- Theatrical release poster
- Directed by: Raúl Ruiz
- Written by: Raúl Ruiz Gilbert Adair
- Produced by: Paulo Branco Roger Corman
- Starring: Isabelle Weingarten Rebecca Pauly Geoffrey Carey Jeffrey Kime Paul Getty Jr.
- Cinematography: Henri Alekan Acácio de Almeida
- Edited by: Claudio Martinez Valeria Sarmiento
- Music by: Jorge Arriagada
- Release date: 15 September 1981 (Portugal);
- Running time: 100 minutes
- Country: Portugal
- Languages: English French

= The Territory (1981 film) =

1981 Portuguese horror film

The Territory (O Território) is a 1981 Portuguese philosophical horror film directed by Chilean filmmaker Raúl Ruiz about two American families who resort to cannibalism shortly after getting lost on a camping trip in the South of France. The film, about the animalistic nature of humans when they disregard their "civilized" instincts, obliquely addresses themes of "exile and crossing boundaries: of language, nation and morality".

==Cast==
- Isabelle Weingarten as Françoise, Jim's partner
- Rebecca Pauly as Barbara, Peter's partner
- Geoffrey Carey as Peter, Barbara's partner
- Jeffrey Kime as Jim, Françoise's partner
- Paul Getty Jr. as Guide, uncle to Linda's daughter
- Shila Turna as Linda
- Artur Semedo as Indefinite man
- Camila Mora as Young girl
- Ethan Stone as Young boy, Françoise's son
- José Nascimento as Prawler
- Duarte de Almeida as an Indefinite man's friend, was found in the territory as a man lost for much longer than them
- Rita Nascimento as Linda's daughter

==Production==
The circumstances in which the film was produced, and the extent of Corman's involvement, are somewhat mysterious, co-writer Adair claiming that the film was made under "hair-raising conditions" in Sintra.

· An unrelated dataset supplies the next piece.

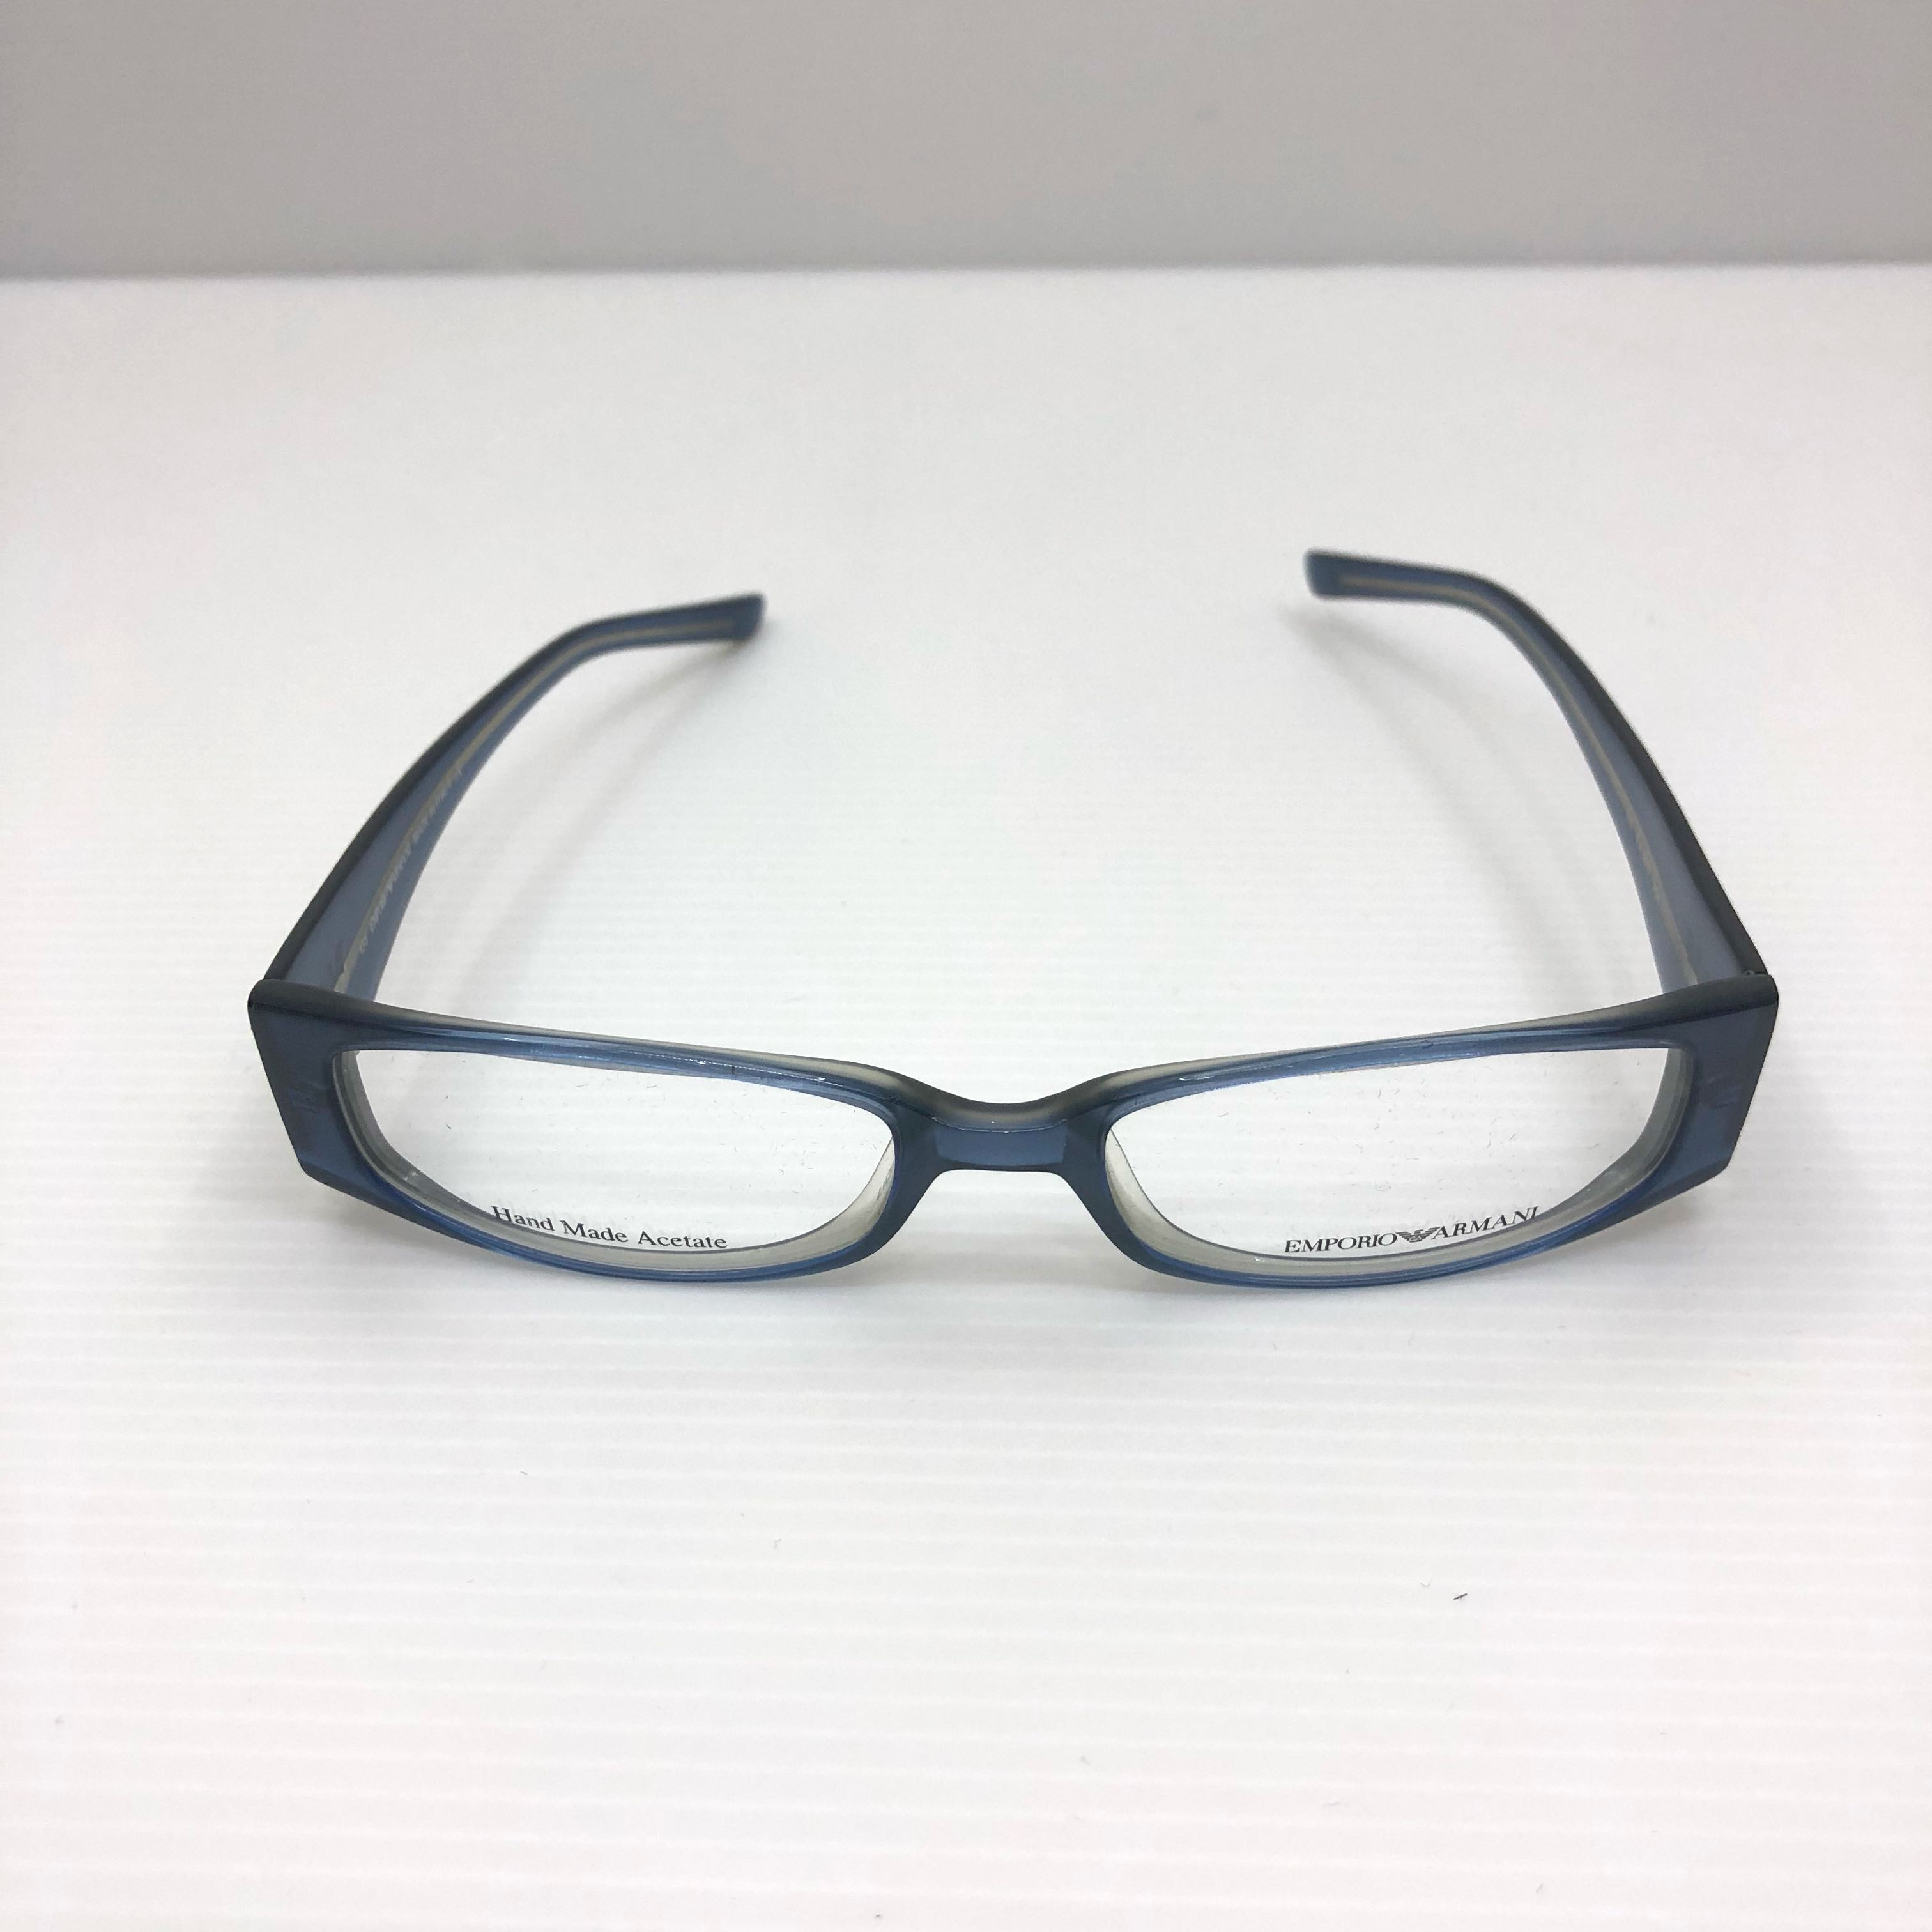 d82eeddb7784 Emporio Armani EA9011 Glasses

The production's budgetary difficulties inspired New German Cinema director Wim Wenders to make the Golden Lion-winning The State of Things (1982) with much of the same cast and crew.

==Reception==
Stephen Holden from The New York Times called it "an odd little art film that has the feel of a European version of an episode of The Twilight Zone." Dennis Schwartz of Ozus' World Movie Reviews awarded the film a grade B+, calling it "Deliciously subversive".